However, let’s say that just randomly User A does get served Creative A on both sites.  Statistically this will happen 50% of the time and if we could connect the data from the two sites, we might still have enough data to make statistically valid reports about the performance of the two creatives for decision-making purposes.  The problem is that in a partitioned storage world, when it comes time to do reporting, we can’t make that connection because the partitions prevent us from differentially  combining data on User A.  What we would need to do is look in both partitions, see where Creative A was served on both Publisher1 and Publisher2, and in those cases allow the data from both partitions to be aggregated in a reporting script runner for reporting with either the Attribution Reporting API or the Private Aggregation API.  But we can’t do that.  In the Privacy Sandbox, we can’t look inside the reporting script runner and see individual transactions.  All we can do is aggregate ALL the data on impressions served on both sites, which means we cannot eliminate the impressions where User A was shown Creative B.    

As a result, you cannot do A/B testing in a world without cookies but with partitioned storage.

A/B Testing with Shared Storage

Figure 4 shows the same use case when Shared Storage is available.  We will only talk about the general concepts here.  The next section will discuss the actual mechanics for how this works.  The items highlighted in blue are what is different in the process between the two cases.

Figure 4 - Attempting A/B Testing with Shared Storage

In this case, when User A goes to Publisher1’s site, Publisher1 checks to see if User A has visited the site before when Brand X ads have been showing.  If not, Publisher1 puts a “seed” in its storage area in a special shared storage worklet that indicates that User A was served Creative A on Publisher1 in an experiment identified as Experiment1.  It knows to do this because there is a script that runs on Publisher1’s site when the ad request occurs indicating that the seed is from  Brand X and saving it to Publisher1’s shared storage. The experiment number – Experiment1 - was provided by Brand X at the time the A/B test was designed  The seed is tied to Experiment1, which in turn is associated with the URL where Creative A can be found.
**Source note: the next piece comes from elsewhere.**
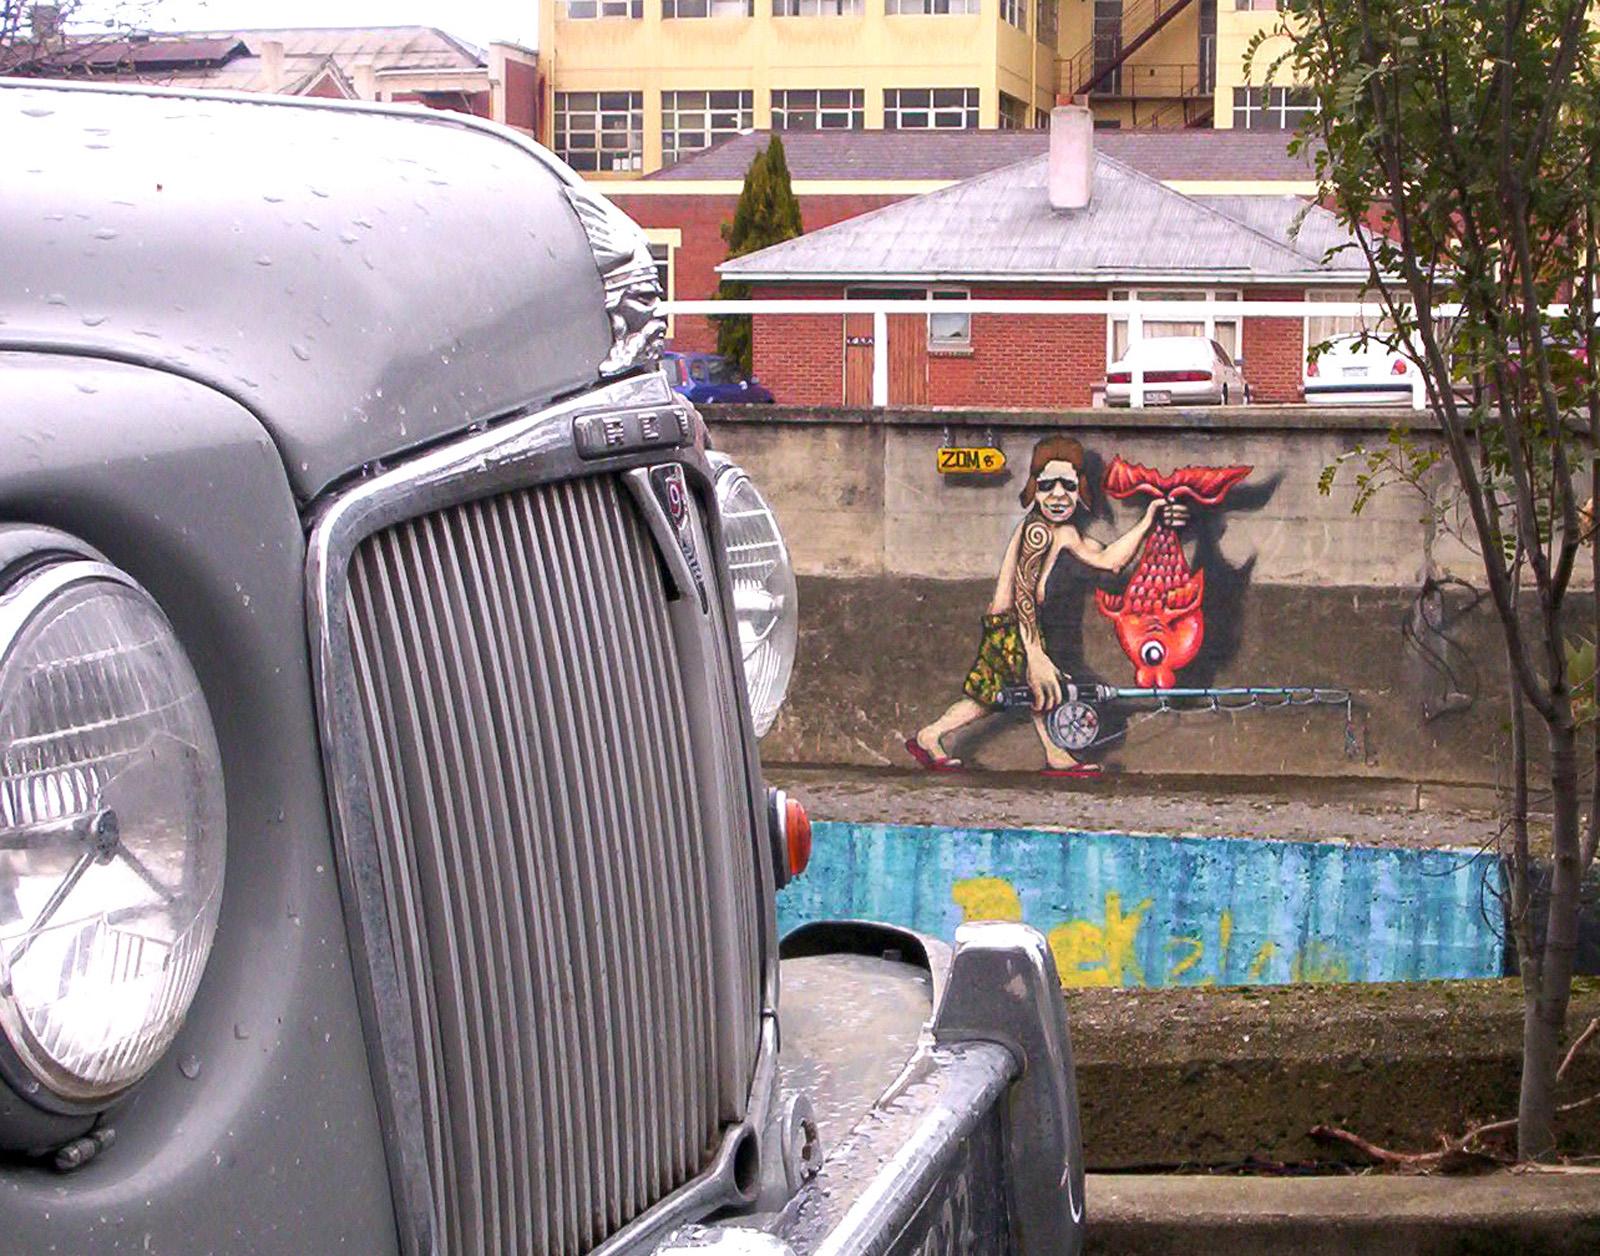 Aussie migrant under observation, Bspo06, Car, Dunedin, Graphiti, HQ Photo

When User A shows up at Publisher2, Publisher 2 also has Brand X’s script and the experiment number Experiment1.  The script on Publisher2’s site makes a request to Brand X’s shared storage, via a worklet that tightly controls what data can be accessed and shared, using the Experiment1 ID as a match key.  When the match key for Experiment1 is found, the seed is read and an opaque URL is provided by the browser that will deliver Creative A to User A’s browser. The entry reporting delivery of the creative is then stored in Publisher B’s shared storage.

When it comes time to report, the data from Publisher1 and Publisher2 are aggregated and are consistent in that both have shown Creative A to User A.  Thus, any measurements for A/B testing will accurately reflect, as much as can be done with Privacy Sandbox aggregate reporting (which will be discussed later), the real performance of each unique creative.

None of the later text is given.